According to Blainey, our way of life has improved dramatically and the issue of redistribution of wealth is another debate. It is pleasing to see some of the super-wealthy undertaking significant philanthropic efforts. Is it better for them to do that, or for the government to take this in taxes and distribute it to more welfare benefits? It will take a bold government to deal with this structural problem but if we do not tackle it, we are causing long-term problems not only for a healthy structure of our economy but creating a deep and unnecessary divide within our community.

A simple list of things we could consider will help cut through the large group of decision makers, influencers, and the fog. Agenda setting is important, otherwise one or more of the silos will capture the agenda and distort the conversation in its own interest. My suggestions for what should happen as a basis of a conversation is as follows:

  • raise interest rates, but modestly
  • change capital allocation rules to shift lending into the business market rather than the housing market
  • curtail grants to first home owners
  • boost supply of new house and land packages by making the development process more efficient
  • resume immigration, but on a more intelligent basis
  • encourage wages growth for those who need it, not those already excessively paid; and
  • focus on productivity and efficiency, and increasing the private sector percentage of GDP.


Our social security—which is well over a third of our expenditure—depends upon a vibrant and successful economy, with full employment so plenty of individual tax is paid to the Treasury. Government expenditure as a percentage of GDP is now 31.6 per cent, whereas in 2007-08 it was 23.1 per cent. What about the role played by the states? It is alarming, if you look at Victoria. According to John Dagge, in the Herald Sun, the number of executives in the Victorian public service almost tripled from 647 in 2014 to 1,742 in 2021.

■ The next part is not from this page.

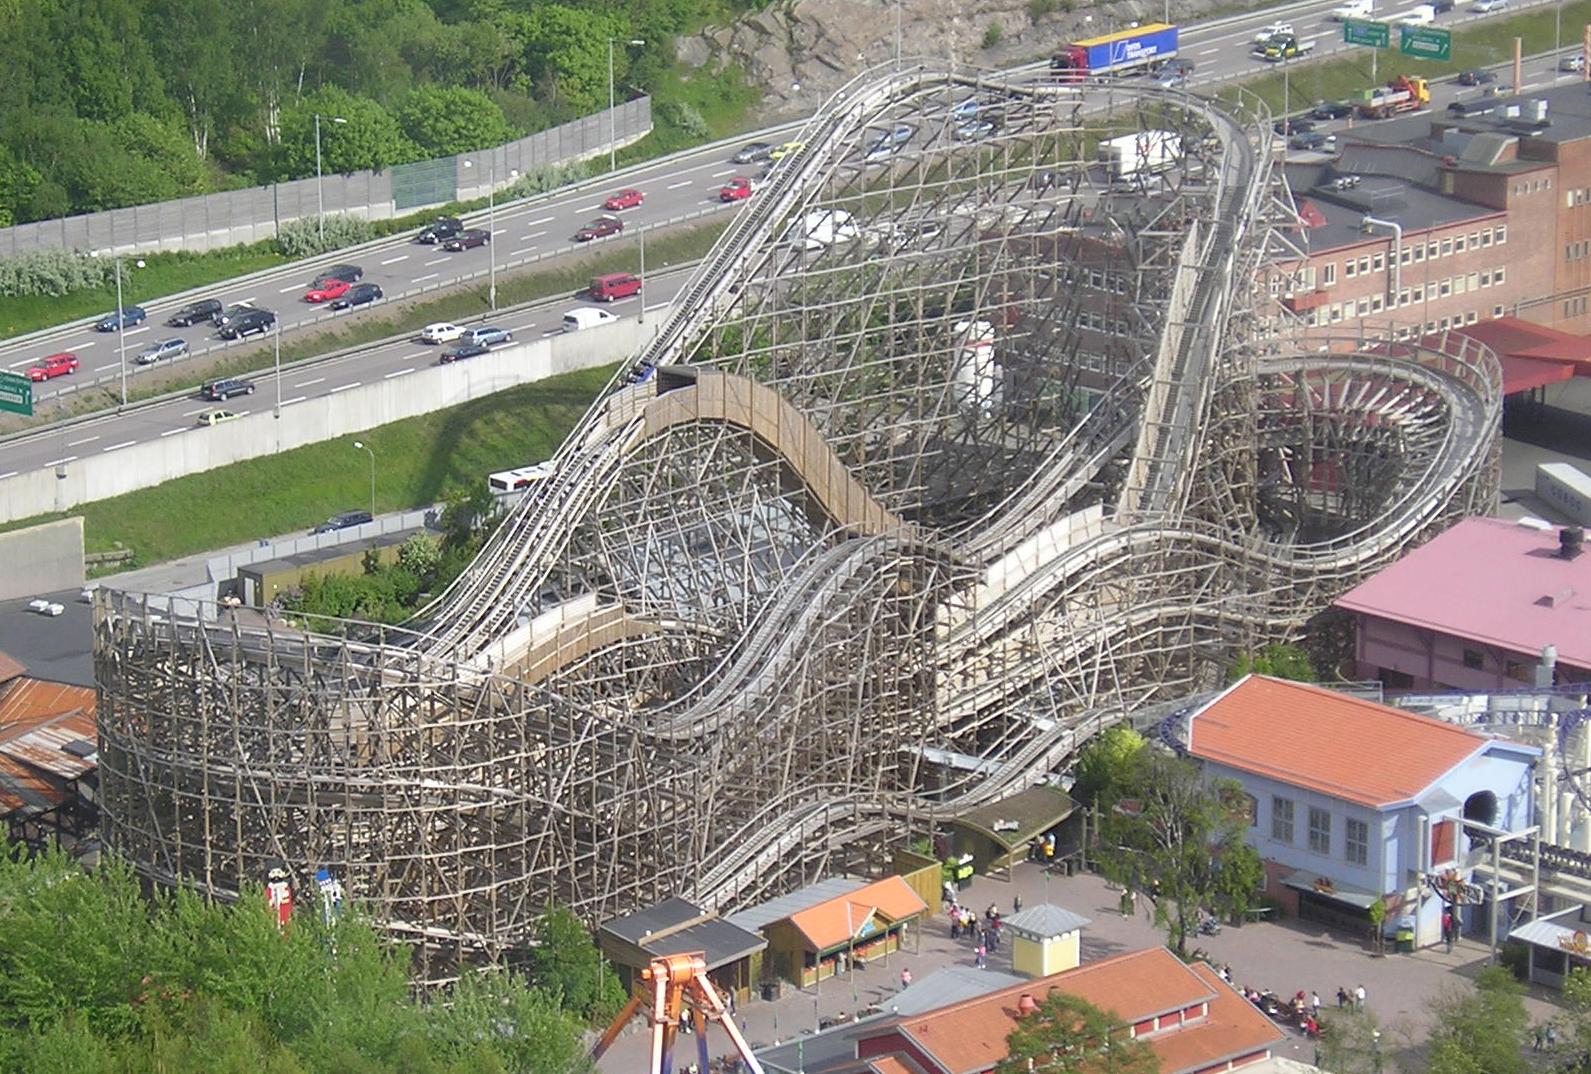 Balder_rollercoaster.jpg
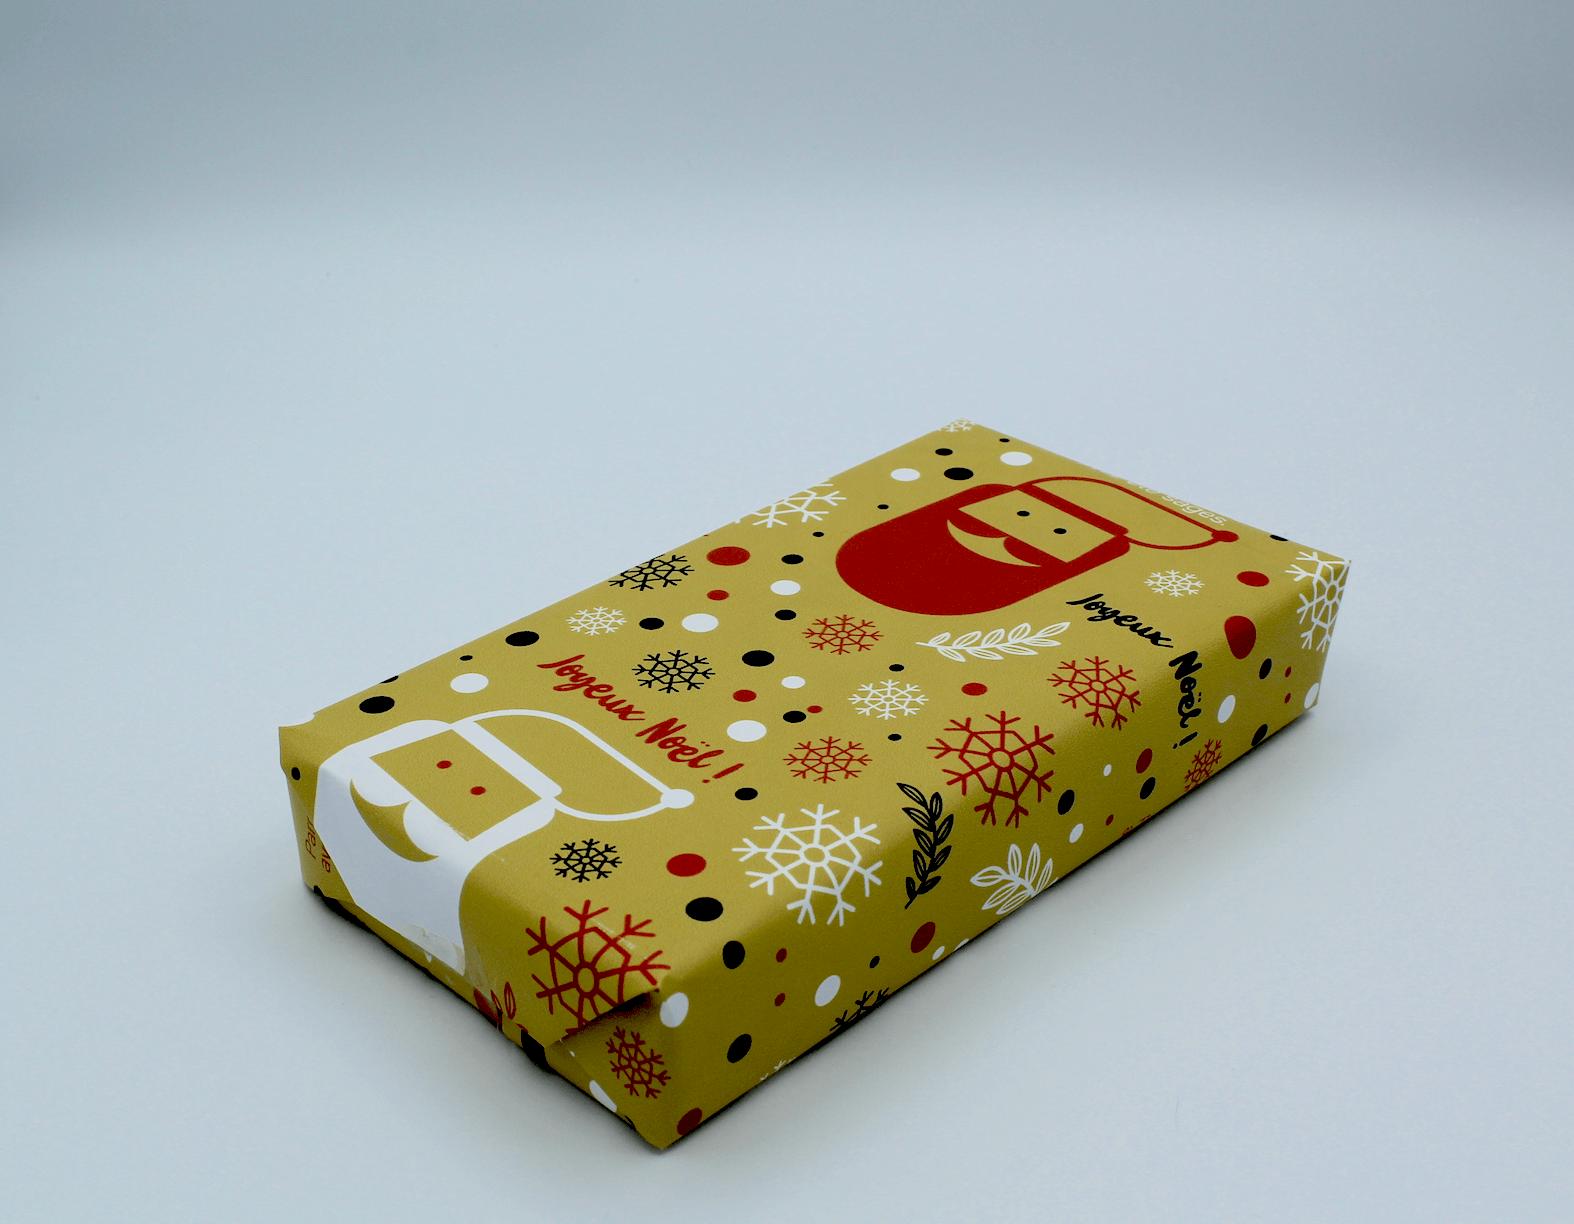 emballage papier cadeau pere noel

In terms of the public service, Victoria is by far Australia’s most expensive State or territory. This trend was well in place before the pandemic, but the pandemic has been used by the Victorian Labor Government as an excuse for this exuberance.

We have an existing and growing deficiency, which is being covered by increased borrowings.

We, therefore, need to nurture corporates and encourage the aspirations of employees wanting to get ahead, earn more income, and accordingly pay more tax to support our welfare system. Rates of tax are crucial: too high will dampen aspiration, too low will not be enough to fund the public sector.

Without the exercise of the critical element of leadership, we will continue to have a stagnant and distorted economy.

John Dahlsen is a former company director and solicitor. As well as his roles on the boards of major listed companies he was cofounder of Growth Factor Pty Ltd, a fintech company, and remains co-chairman of the family company, JC Dahlsen Pty Ltd, which was founded in 1877.

In the IPA Review of August 2018 he looked at the regulatory institutions of the finance sector – particularly APRA – and concluded that overregulation and red tape in banking had destroyed competition to the detriment of consumers.